Estimating the variance of eigenvalues of sample covariance matrices in Matlab

Click For Summary

Discussion Overview

The discussion revolves around estimating the variance of eigenvalues of sample covariance matrices using Matlab. Participants explore the theoretical expectations versus the results obtained from simulations, focusing on the statistical properties of eigenvalues derived from finite samples afflicted with random noise.

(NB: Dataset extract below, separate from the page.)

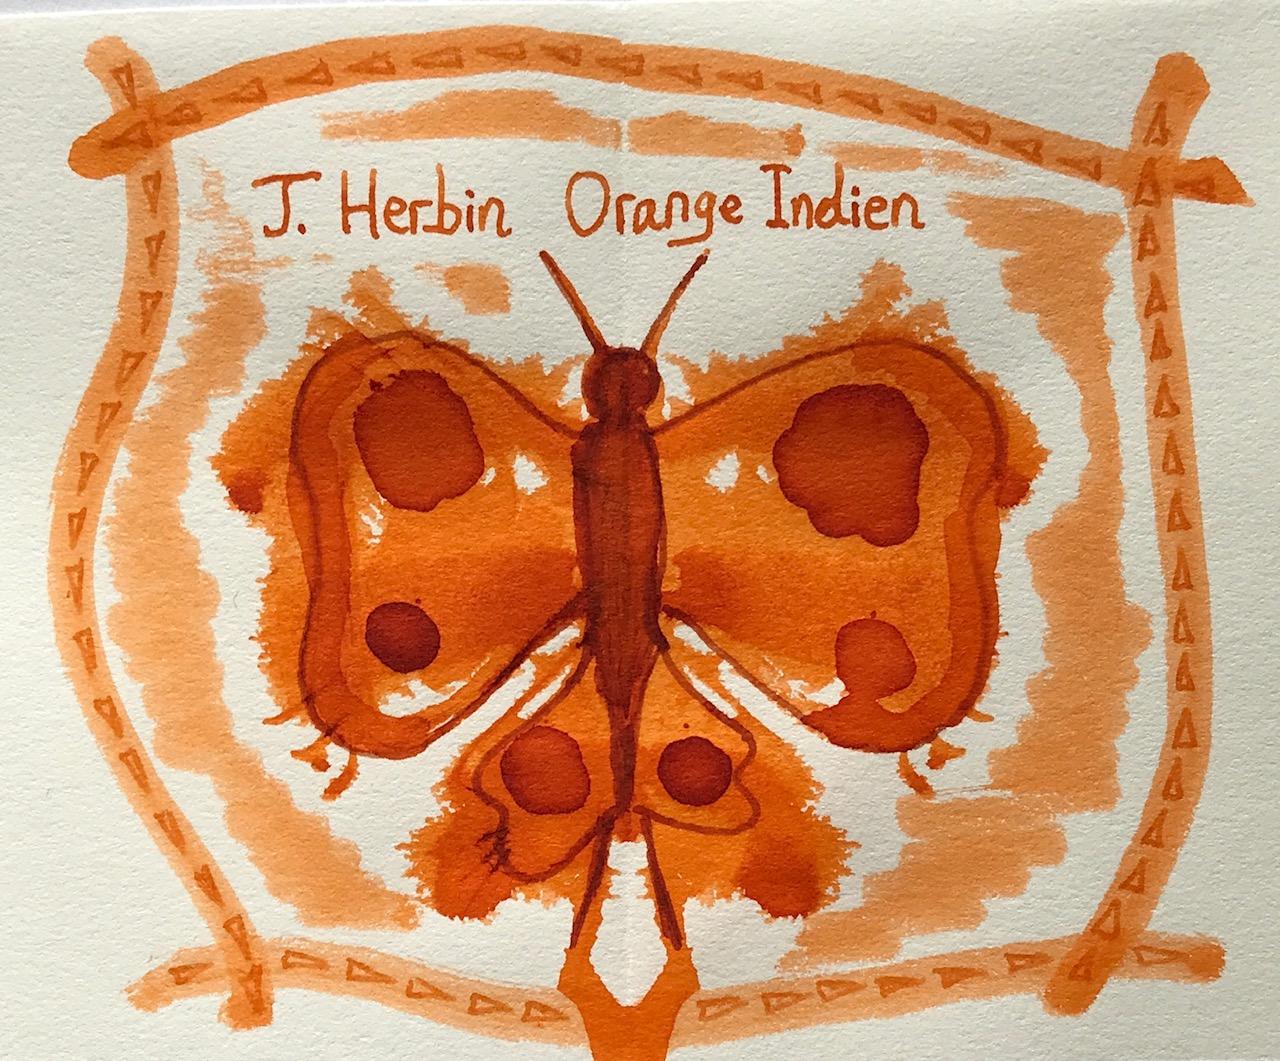 fpn_1565879609__j_herbin_-_orange_indien
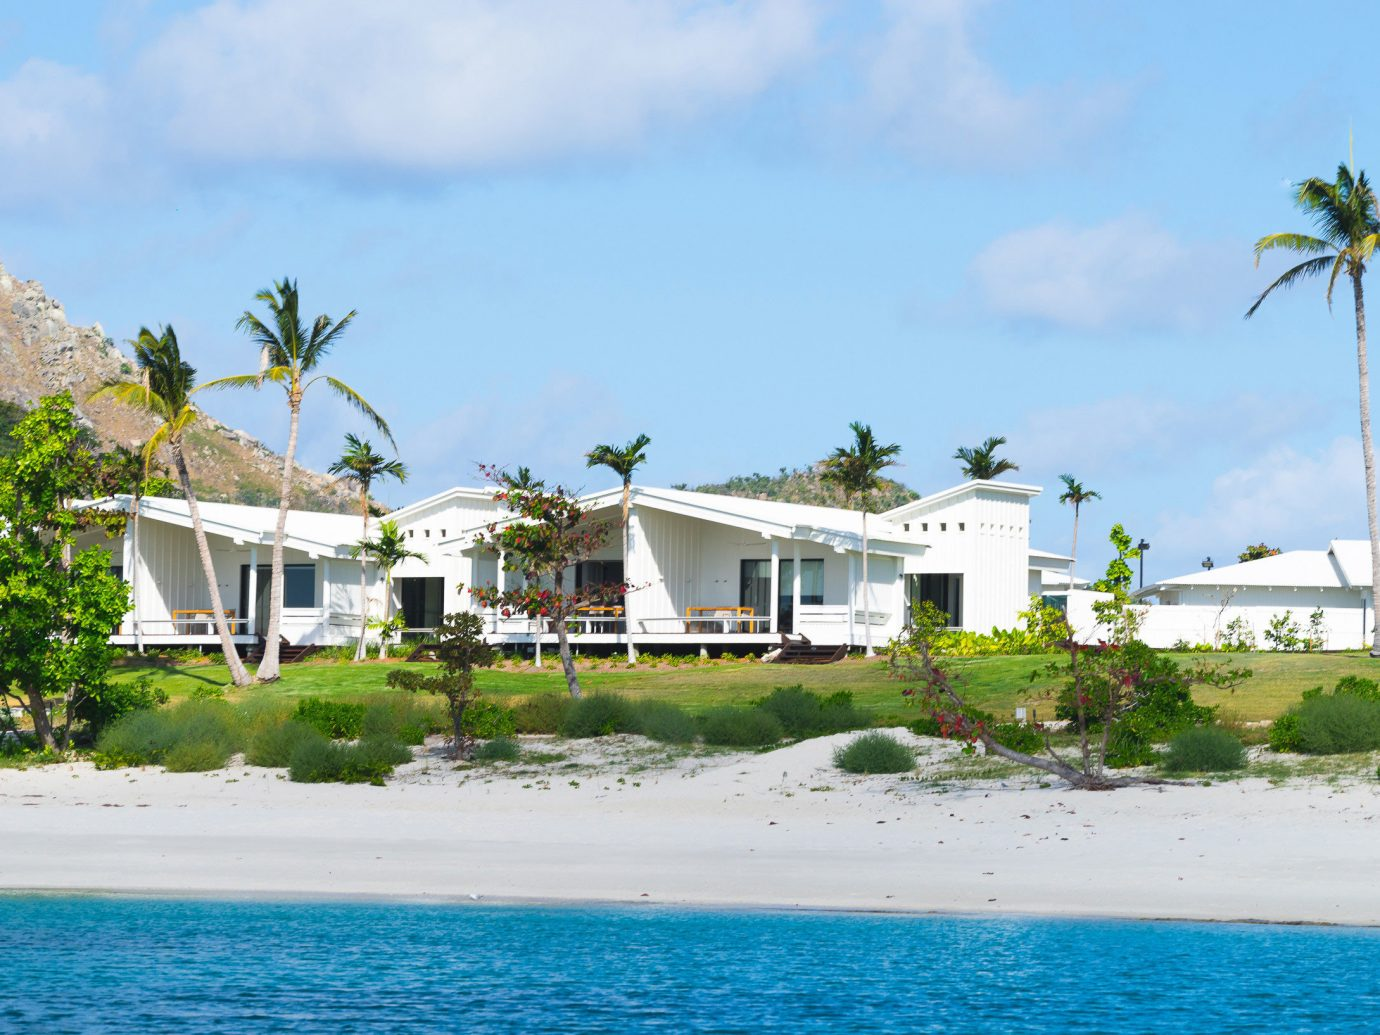 All-Inclusive Resorts Hotels sky water Beach property house caribbean Sea Coast shore Ocean Resort Island Lagoon swimming pool Village tropics cove cape

The scope includes theoretical analysis, simulation results, and potential discrepancies in expected outcomes.

Discussion Character

  • Exploratory
  • Technical explanation
  • Debate/contested

Main Points Raised

  • One participant describes their approach to generating sample covariance matrices and calculating eigenvalues, referencing theoretical results for the variance of eigenvalues.
  • Another participant suggests that the theoretical results may depend on assumptions about the number of random variables and samples, indicating a potential mismatch with the simulation setup.
  • Some participants propose verifying the covariance matrix estimation from samples and its implications for unbiased estimators of eigenvalues.
  • There are discussions about the relevance of specific equations from referenced papers and the need for additional sources to clarify theoretical expectations.
  • A later reply questions the differentiability of eigenvalue estimates in relation to the sample matrix, suggesting that the ordering of eigenvalues may complicate their statistical properties.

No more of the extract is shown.